Lo stile di Covacich

ago 22, 2011 da roman

Lo stile di Covacich

Mauro Covacich è un giovane scrittore contemporaneo. Aveva poco meno di trent’anni quando, nel 1993, pubblicò il suo primo romanzo “Storie di pazzi e di normali”. Un romanzo che getta subito le basi di quello stile e quell’impronta che diventano poi l’anima di tutti i suoi romanzi successivi. Uno stile diretto, ricercato dove le parole intrappolano l’attenzione ed il sentimento del lettore fino all’ultima pagina, cavalcando storie di grande attualità.

L’ispirazione

Racconti di storie, che sono lo specchio della società contemporanea, e personaggi che delineano i profili più disparati dell’essere umano dei nostri tempi. Ed è proprio l’attualità dei romanzi che sfila in uno stile reale, vero, preciso. Questa sua naturale predisposizione, probabilmente, deriva dalle esperienze lavorative e professionali che lo scrittore ha maturato nei vari settori della comunicazione. Mauro Covacich ha insegnato filosofia nei licei, quindi a stretto contatto con i giovani. Ha scritto vari reportage per “Panorama” e ” Diario della settimana”, ha realizzato il radiodramma “Safari” ed alcuni radio documentari per la RAI ed infine collabora col Corriere della sera per il quale è stato il corrispondente nel 2000 durante la prima edizione del “Grande Fratello”. Esperienza che ha contribuito a condire la storia del romanzo pubblicato nel 2005, “Fiona”. Non a caso i romanzi di Mauro Covacich sono inseriti nelle varie antologie della narrativa italiana e soprattutto non a caso gli è stato conferito nel 1999 il premio letterario Abraham Woursell Prize.

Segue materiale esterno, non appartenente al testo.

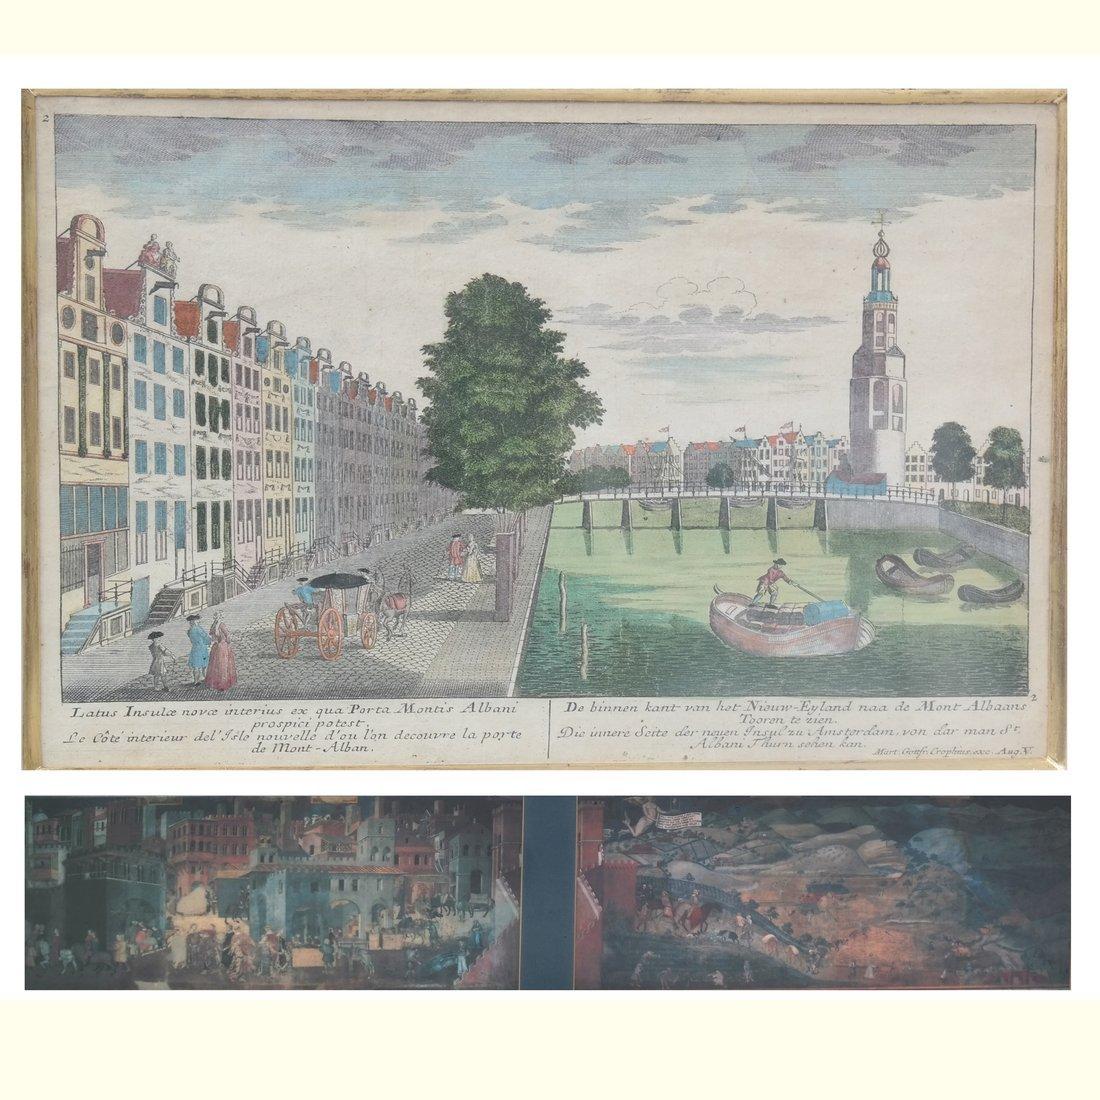 Two Prints Depicting Urban Scenes

Il rapporto con il lettore

Il suo stile accomuna implicitamente l’autore ad ogni singolo lettore. Attraverso la scrittura, Mauro Covacich, come egli stesso dichiara in alcune interviste, cerca di conoscere cose di sè ancora sconosciute. Questo è un bisogno che riguarda molto da vicino l’essere umano in continua evoluzione e in continua esplorazione del proprio alter ego. E’ sorprendente come Mauro Covacich sia riuscito a portare il suo stile figurativo nei suoi progetti letterari. Alcuni suoi romanzi hanno un carattere visivo che tenta di superare la semplice scrittura. In “L’umiliazione delle stelle”, ad esempio, la descrizione del maratoneta Dario Rensich, diventa tutt’uno con lo scrittore stesso. La voce in prima persona di Covacich, precisa, diretta, accattivante, è a dir poco la stessa che il lettore avverte scorrendo tra le righe dei suoi scritti.